Ciao Ypsilon,
durante questa settimana sono accadute cose da pazzi. Io ho cambiato sesso. Tua madre è diventata una bambina. Siamo stati adottati da due nonnini ottantenni usciti fuori catalogo. Il sole è stato sospeso nel cielo per sette giorni e sette notti. La luna dalla rabbia è diventata nera. L’AD, l’Amministratore Delegato di Terra & Co. è andato di matto ed ha convertito tutte le produzioni in laboratori di poesia. Sì, hai capito bene. Poesia. Tutti i client, istintivamente, hanno iniziato a fare scorte di pilloline di pasta asciutta e di bistecche di maiale. Il deserto che circondava la nostra Oasi è sprofondato sotto ondate schiumose di acqua. Al minuto milleventiquattro di oggi ho pensato di fermare il tempo ed il tempo si è fermato. Così. D’incanto. Io, capisci, ho fermato il tempo. Così poi ho pensato che magari riuscivo a fare anche altro, con la sola forza dei desideri. Ci ho provato.
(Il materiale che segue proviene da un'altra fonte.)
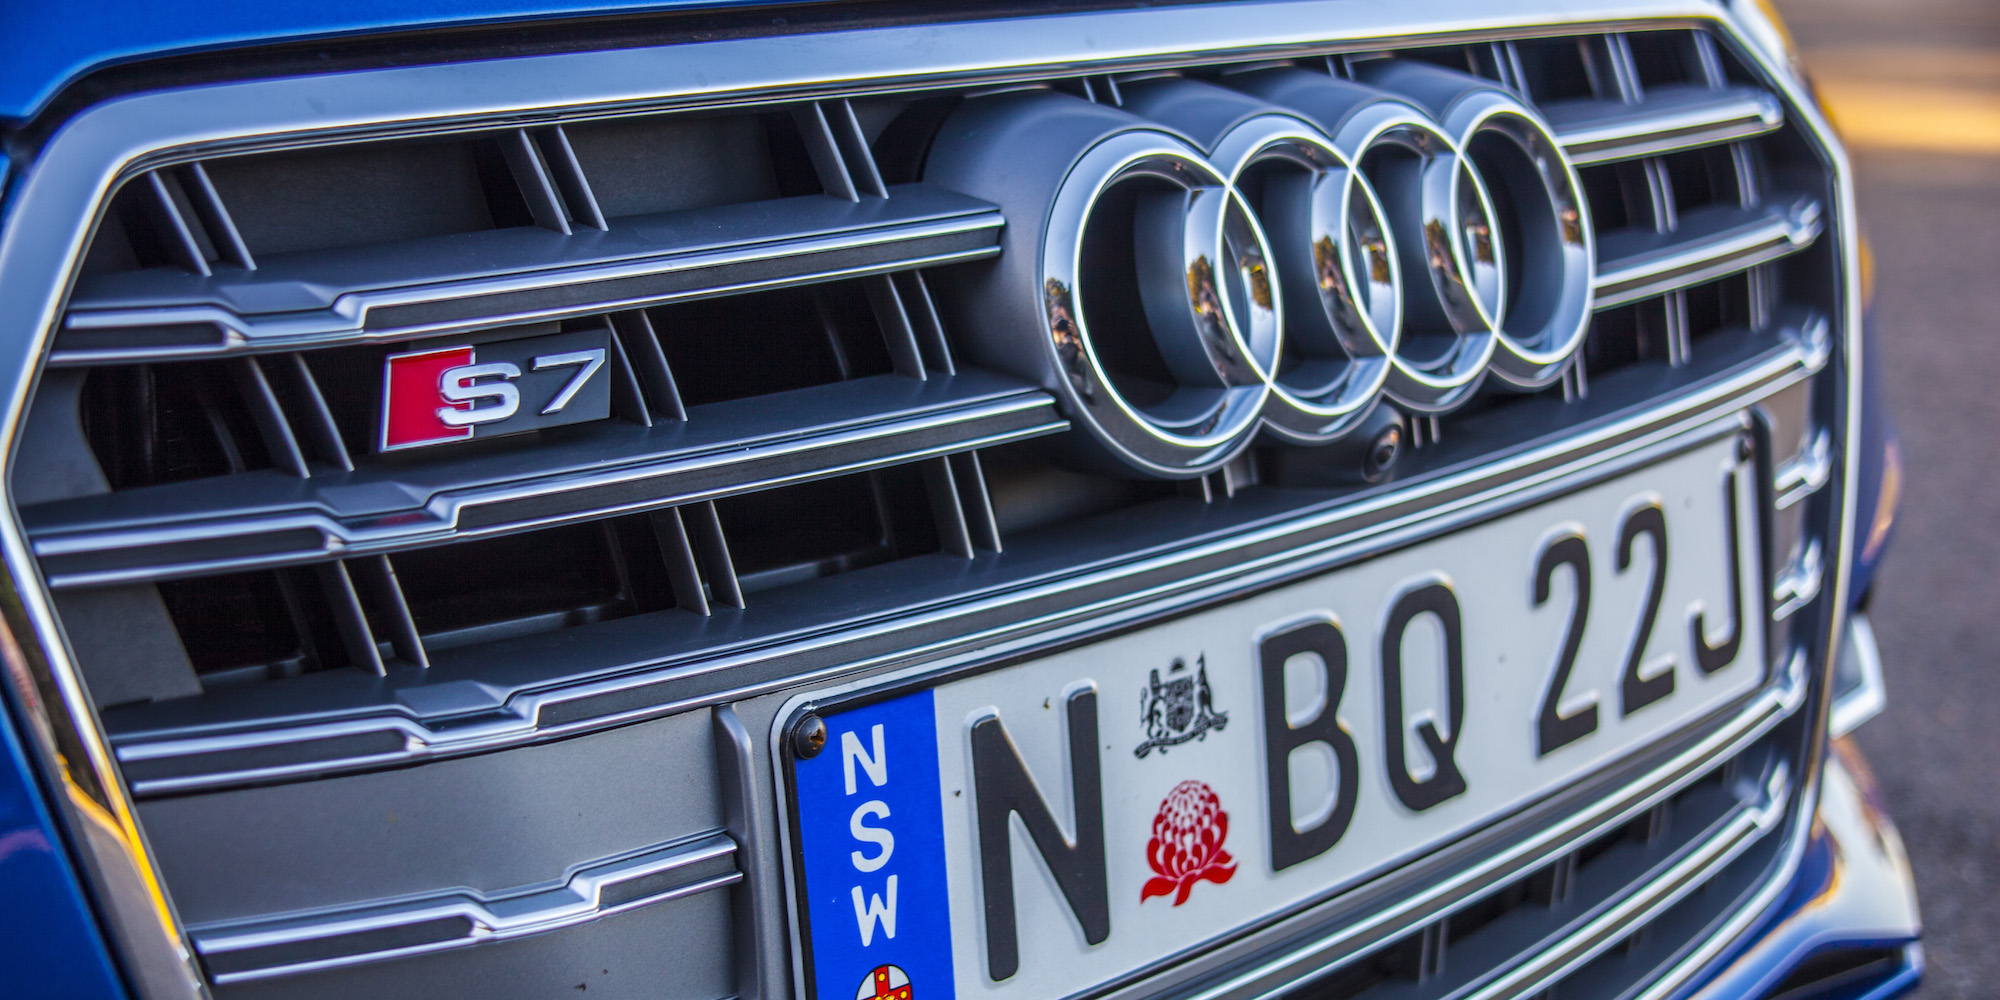 2016 Audi S7 Grille

Così ho desiderato che tutto tornasse al posto suo. E così è stato. Io sono tornato maschio. Tua madre è tornata adulta. La parola nonni è stata cancellata da tutti i file. Il sole è tornato ad inseguire la luna. La luna s’è fatta rossa dall’emozione. L’AD ha decretato che si aumentasse la produzione di pilloline di pasta asciutta e di bistecche mantenendo fisso il numero di ore lavorate. Il deserto che circonda la nostra Oasi ha continuato ad avanzare inesorabile bevendosi il mare. Al minuto milleventiquattro, dopo sessanta secondi è succeduto il minuto milleventicinque. Tua madre entra di corsa nei miei pensieri e mi dice che l’Ufficio per il mantenimento demografico le ha comunicato che sarai una femminuccia. Ypsilon. Sarai una donna. Custodirai il segreto della vita. E lo tramanderai. Avrai modo di sviscerare il motore della vita. Tu potrai provare a capirne il mistero. Indaga, piccola. Diventa detective. Fatti spia. E quando l’avrai carpito tienitelo per te e tramandalo, solamente. Dal canto mio ti posso dire che ho intuito che il segreto della vita sta nell’amore. Ed è questa la parola che ti dono questa volta. Sarai una femminuccia. Sarai donna. E dell’amore non ti devo dire niente. Anzi. Se dovessi essere ancora vivo quando nascerai, insegnamelo. Mi servirà per morire meglio.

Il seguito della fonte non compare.